You can listen for OS signals and close the session.
import (
"os"
"os/signal"
"syscall"
)
// setupShutdown listens for interrupt signals and closes the session.
func setupShutdown(dg *discordgo.Session) {
// Create a channel to receive signals.
sig := make(chan os.Signal, 1)
signal.Notify(sig, os.Interrupt, syscall.SIGTERM)
// Block until a signal arrives, then close the session.
go func() {
<-sig
log.Println("Shutting down...")
dg.Close()
}()
}
Call setupShutdown(dg) after Open. The goroutine blocks on the signal channel. When you press Ctrl+C, the channel receives os.Interrupt. The goroutine calls dg.Close() and the program exits.

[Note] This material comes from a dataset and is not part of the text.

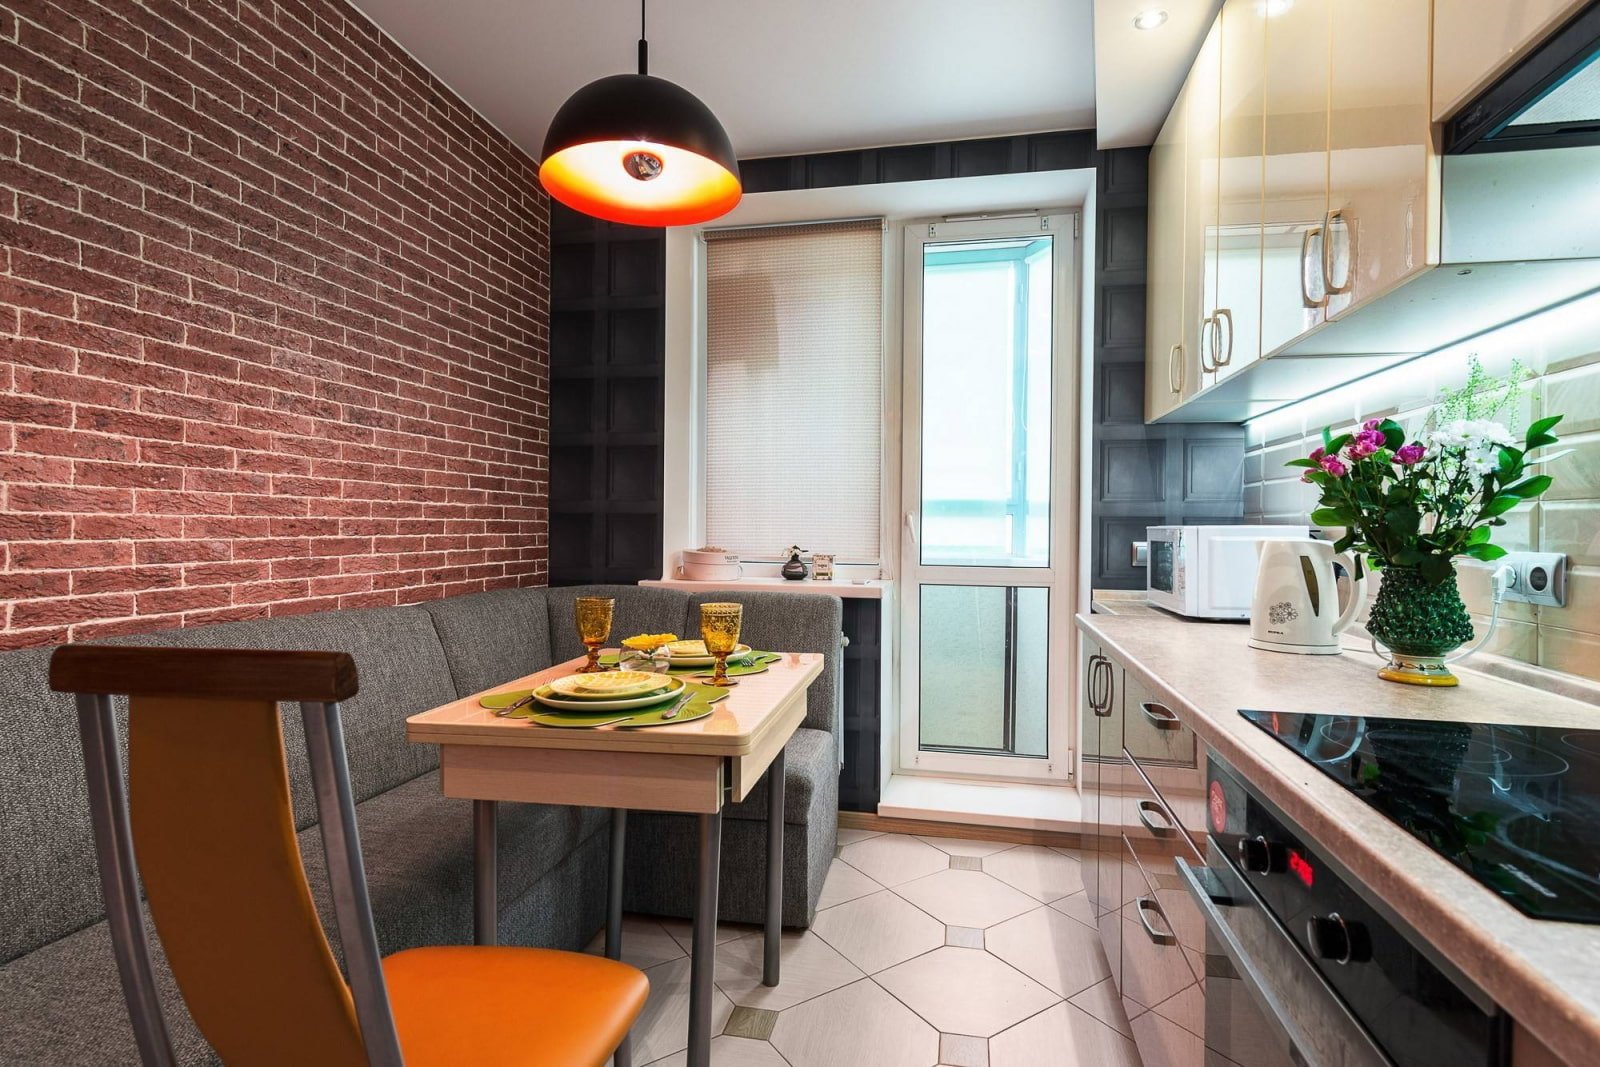 Дизайн кухни 9 кв м: 8 важных пунктов интерьер и дизайн

When your bot calls external APIs, pass a context. This allows you to cancel requests if the bot shuts down. context.Context always goes as the first parameter, conventionally named ctx. Functions that take a context should respect cancellation and deadlines.
Graceful shutdown prevents data loss. Context prevents hanging requests.
Pitfalls and errors
Tokens are secrets. Never commit them to git. Use environment variables. os.Getenv("DISCORD_TOKEN") reads the token from the environment. If you hardcode the token, you risk exposing it. The compiler won't stop you, but your security will suffer.
Discord enforces rate limits. If you spam messages, the API returns a 429 error. The library handles global rate limits automatically, but you can still hit per-endpoint limits. If you exceed the limit, the library queues requests. If the queue fills, you get a rate limit exceeded error. Design your bot to respect limits. Batch updates when possible.
Self-messages create loops. If you reply to your own message, you trigger another event. This creates a loop. Always check m.Author.ID == s.State.User.ID. The compiler rejects the program with loop variable i captured by func literal if you forget to capture loop variables in closures, but that's a different issue. For bots, the loop is logical, not syntactic.
Goroutine leaks happen when the goroutine waits on a channel that never gets closed. Always have a cancellation path. If you spawn a goroutine per message, ensure it finishes or can be cancelled. The worst bot bug is the silent loop. Check your own ID.
Secure tokens. Respect limits. Break loops.
Decision matrix
Use discordgo when you need a full-featured bot with WebSocket support and event handling. Use a REST-only approach when your bot reacts to webhooks or sends notifications without listening to chat. Use a lightweight library like lavalink client when your bot focuses on music playback and delegates audio processing to a separate service. Use discordgo with a worker pool when you have heavy processing per message and need to bound concurrency to protect downstream services. Use plain sequential code when you don't need concurrency: the simplest thing that works is usually the right thing.